Friday, Sept. 22, 2006 | 7:31 a.m.

The idea that Nevada would agree to accept money in exchange for allowing an unsafe nuclear dump to be built anywhere within its borders is both preposterous and insulting.

Yet such an arrangement is contained within a proposal drafted for Congress' consideration by the Nuclear Energy Institute, the policy and lobbying organization of the nuclear power industry.

With the federal government's plan to bury high-level nuclear waste in Southern Nevada now catatonic because of innumerable environmental reasons, the NEI's proposal is a desperate effort to revive the project before a new presidential administration comes into power. President Bush chooses to ignore science and fully supports the nuclear industry's aggressive backing of Yucca Mountain, 90 miles northwest of Las Vegas.

The nuclear industry backs the project because its opening could allow for a spate of new nuclear plants. The industry, however, is immune to the fact that for the nearly 20 years that Yucca Mountain has been studied, never has it been deemed safe by any credible scientific report.

Establishing one or more "temporary" waste storage sites within Nevada is a main point of the NEI's bill draft. A "benefits schedule" is listed in the proposal, whereby Nevada should agree to host the facilities in exchange for $25 million a year while they were being built.
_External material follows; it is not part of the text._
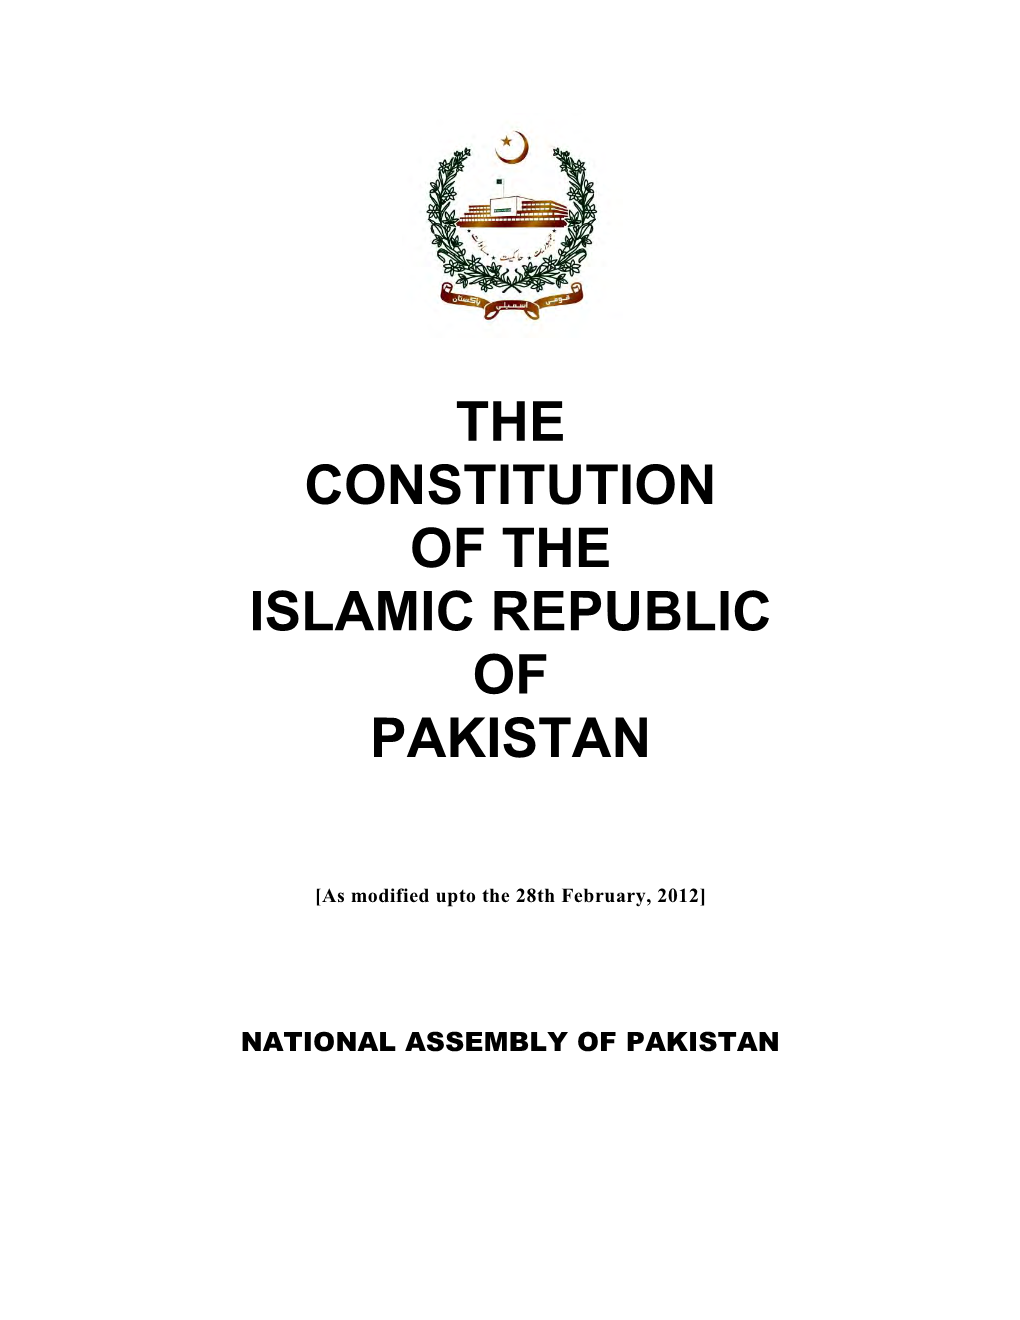 The Constitution of the Islamic Republic of Pakistan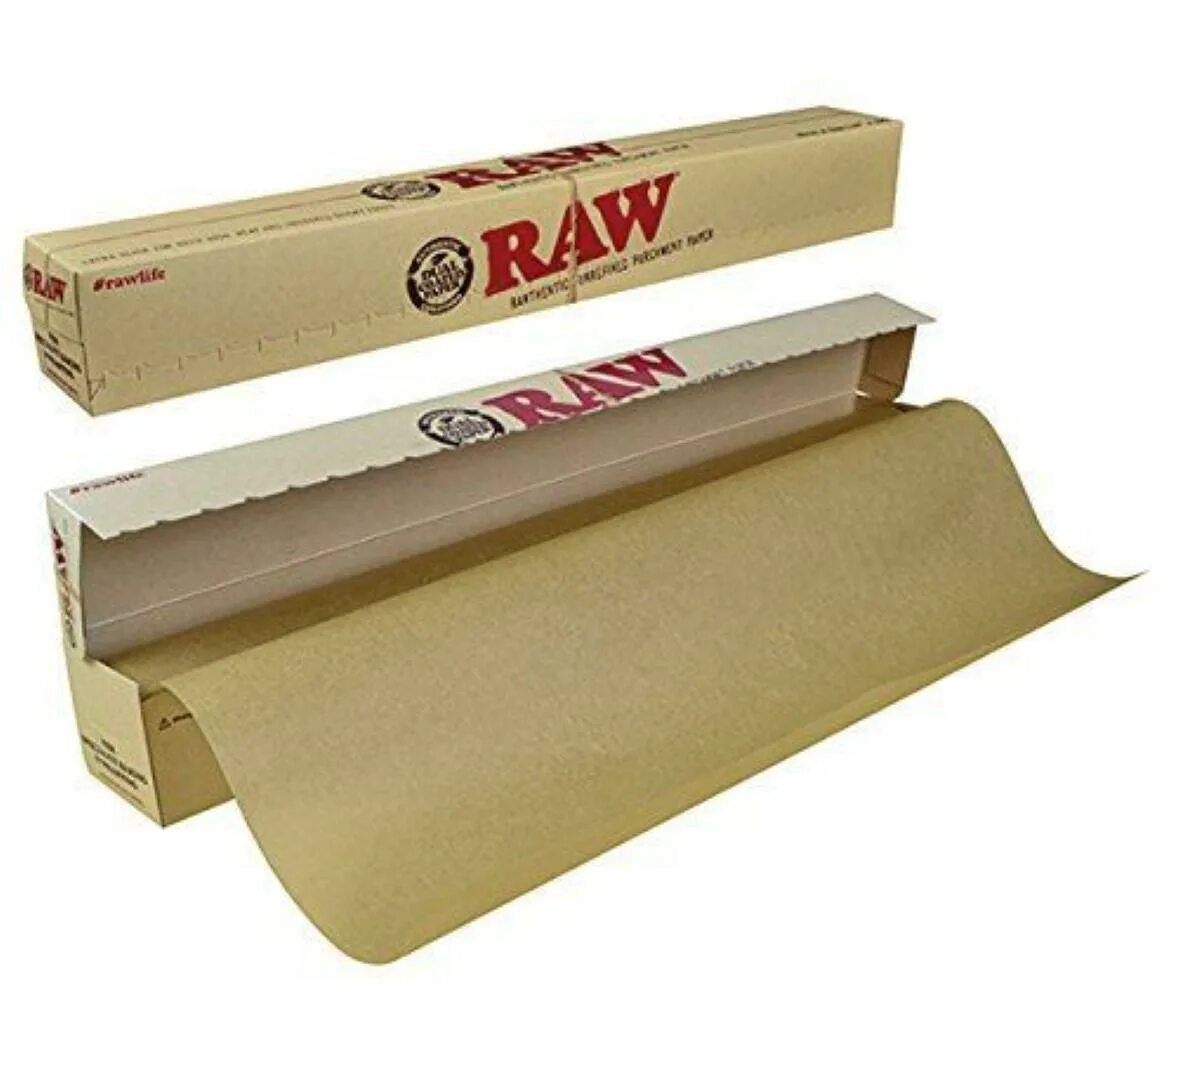 Now roll. Raw бумага. Raw Rolling papers. Raw paper Rolls. Parchment paper for Baking.

Once opened and until they were closed (very likely many generations from now), the state would receive double that amount.

Bob Loux, Nevada's point man on nuclear waste, said the state was offered more money than that back in the 1980s. "The governor said then that we wouldn't trade the health and safety of Nevadans for money, and such a proposal will not work now either," Loux said Thursday. "Nevada is not for sale."

The NEI's proposal also liberally amends the Nuclear Waste Policy Act of 1982, which Congress passed to ensure strict guidelines for burial of nuclear waste. The amendments would give the Energy Department broad authority to part from national and state environmental standards in building both Yucca Mountain and temporary storage facilities.

This proposal is intended to give Congress' blessing to making an unsafe project even more unsafe. We hope members of Congress can take their minds off the lavish lobbying by the nuclear industry just long enough to reject this proposal immediately.